Quality care is generally considered to be that which is safe, effective, patient-centered, timely, equitable, and reliable (IOM 2001). At the system level, quality improvement efforts should focus on receipt of the right care, at the right time, in the right setting, all the time (HHS 2011). Ultimately care should be provided that leads to the best outcomes for patients—improvement in health, maintenance of function, and for patients who are in declining health, appropriate and effective care and supportive services that improve quality of life.
Medicaid and CHIP programs engage in quality improvement through delivery system design, payment incentives, and holding plans and providers accountable for desired quality and cost outcomes. States are increasingly incorporating quality measures into their payment and purchasing strategies. They set quality standards in managed care contracts and create incentives for plans to meet targets for improvements in the process and outcome of care, and in the patient experience.
Children and adult quality measures
The Children’s Health Insurance Program Reauthorization Act of 2009 (CHIPRA, P.L. 111-3) required the Centers for Medicare & Medicaid Services to develop a core set of children’s health care quality measures in Medicaid and CHIP (§1139A of the Social Security Act). The Patient Protection and Affordable Care Act (ACA, P.L. 111-148, as amended) further required the development of a core set of adult health care quality measures in Medicaid (§1139B of the Social Security Act) for voluntary use by states, managed care organizations, and providers.
The children’s quality measure set, developed in 2009, includes duration and stability of coverage measures, preventive care measures and measures for patients with special health needs. CMS is required to report to Congress every three years on the status of voluntary reporting on the core quality measures and on other efforts to advance quality of care in Medicaid and CHIP.
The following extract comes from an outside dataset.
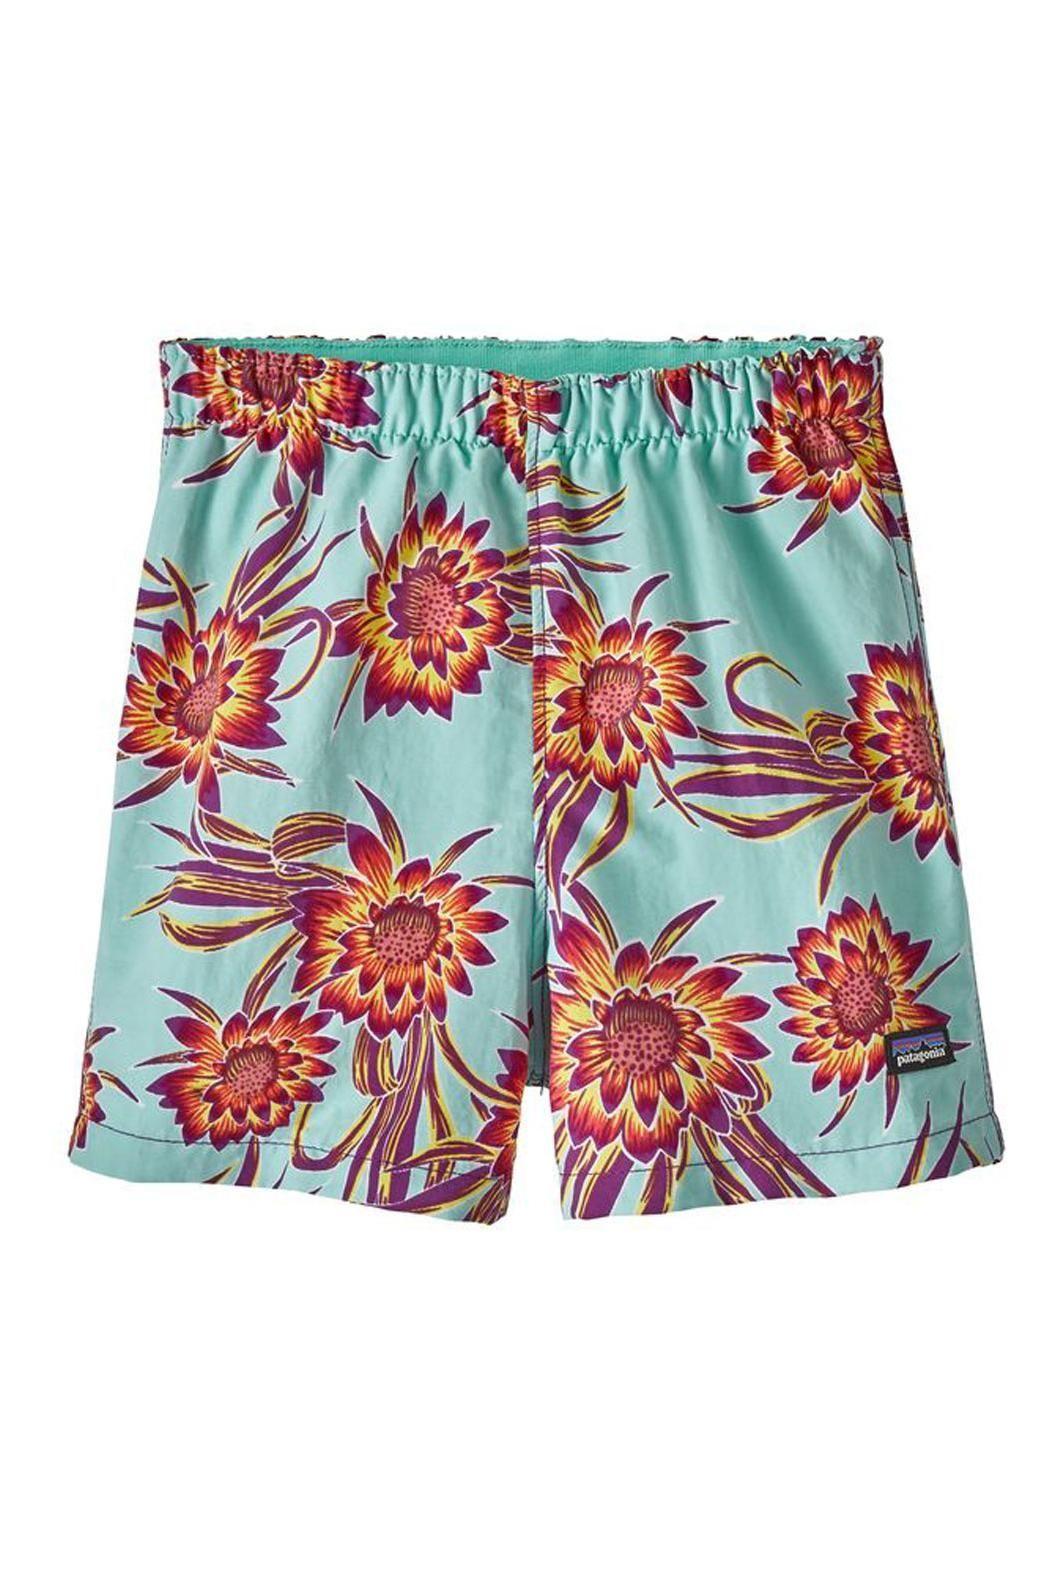 5dd07296e1 Baby Baggies Shorts | Baby Girl Swim | Shorts, Baby, Swim trunks

CMS and the Agency for Health Care Research and Quality (AHRQ) developed the core set of adult quality measures in 2011, and voluntary reporting of these measures began in 2014. The adult measures include, but are not limited to, process measures for receipt of screenings and vaccinations; outcomes measures for a variety of readmissions—for example, diabetes complications or congestive heart failure; and measures of patients’ experience of care.